There is a lot of discussion right now (especially on Twitter) about whether or not book trailers work. Well, it depends what you mean by "work." Do they help sell books? Do they help raise an awareness of reading? How do you judge a successful book trailer?
In her excellent blog, Catherine, Caffeinated, indy author Catherine Ryan Howard discusses the value of book trailers. She gives two great examples of trailers from author Maria Semple's novel Where'd You Go Bernadatte -- one, a cutesy "this-is-what-the-book-is-about" cartoon that I found so annoying I couldn't finish watching! The other is a spoof, with Ms. Sempel trying out different (bad) pitches to various famous authors and Jeopardy! champions. It is funny, original, and really entertaining! I don't know if I'll buy the book -- I'm still not sure what it is about -- but the trailer definitely made her name stick in my head.

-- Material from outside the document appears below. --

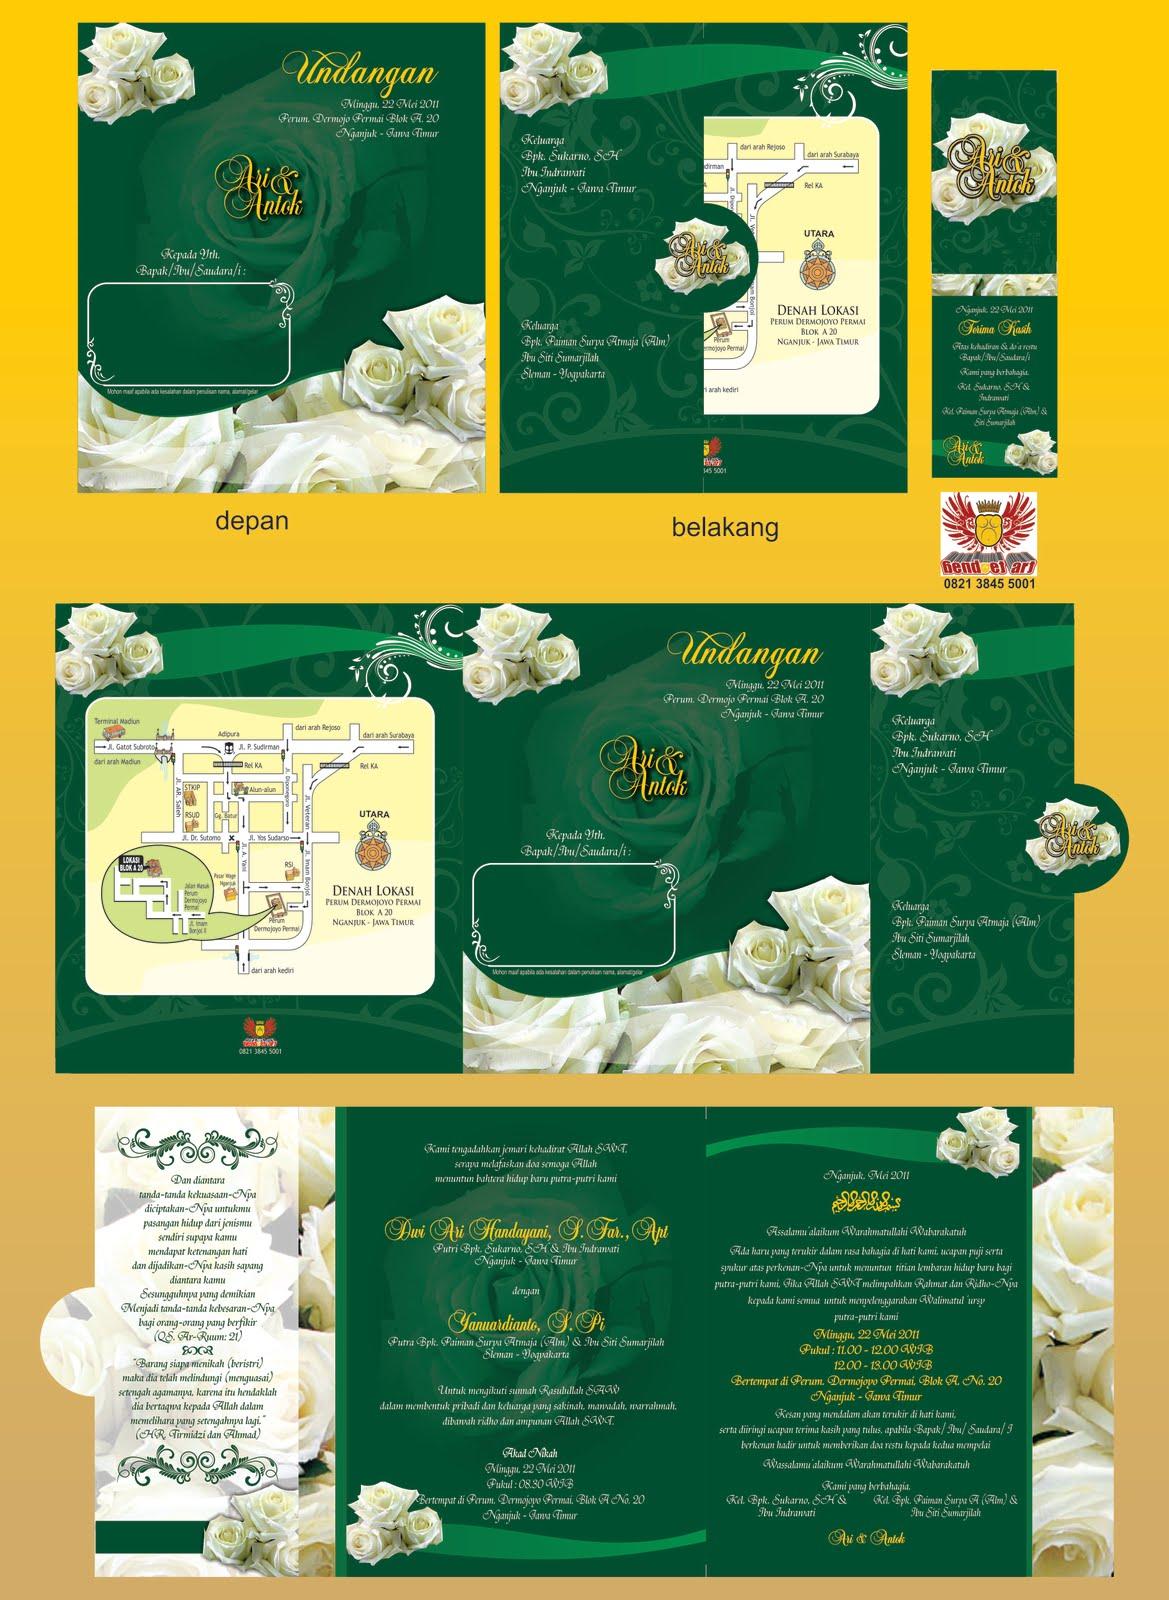 Undangan dengan motif bunga mawar putih, dengan bacground hijau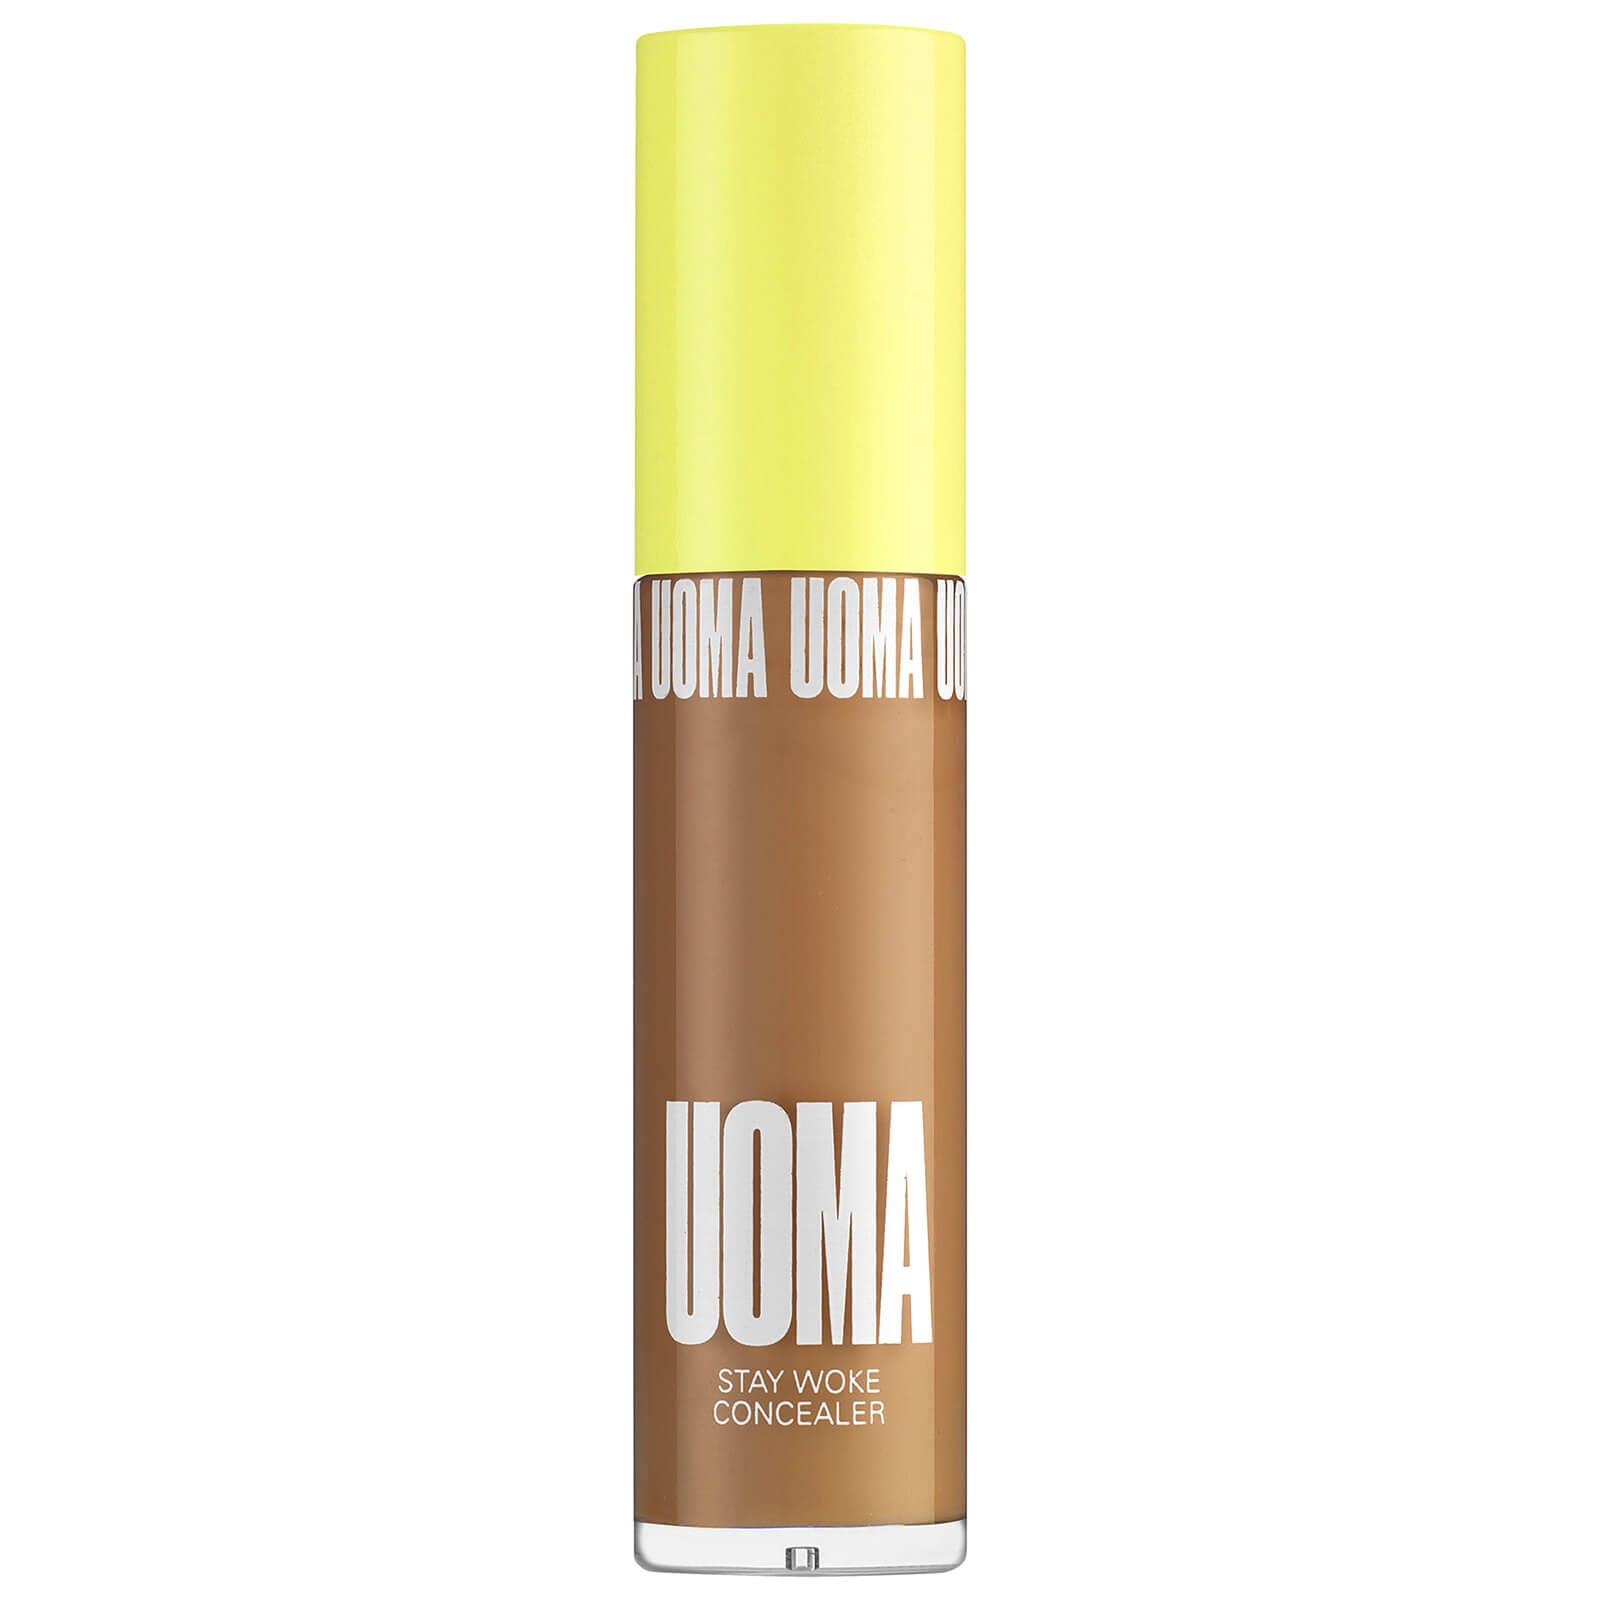 UOMA Beauty Stay Woke Luminous Brightening Concealer 30ml (Various Shades) - Bronze Venus T3

In my opinion, Ms. Sempel's second trailer was extremely successful. Because of it, she's featured on a popular blog, and now I'm mentioning it on my (albeit less well-known) blog, and maybe from this post, word of mouth will take her name and her novel a little farther into the blogosphere... It's gotten people talking, in other words!
Guernsey Evacuees: The Forgotten Evacuees of the Second World War, soon to be published by The History Press. It has a lovely, evocative cover, and Ms. Mawson recently put out a book trailer on YouTube that has haunting music and sepia photo shots and is very compelling, especially if you're interested in World War II.
The "successful" trailers I've seen have left me with a lasting impression of the author and always a feeling of great optimism and expectation about what's to come in the book industry. And if you can generate excitement about reading, then you are helping all authors. While we may not be able to measure the success of book trailers in actual book sales, I believe that well-made trailers do have a positive impact on individual authors' careers in the long-term. What do you think?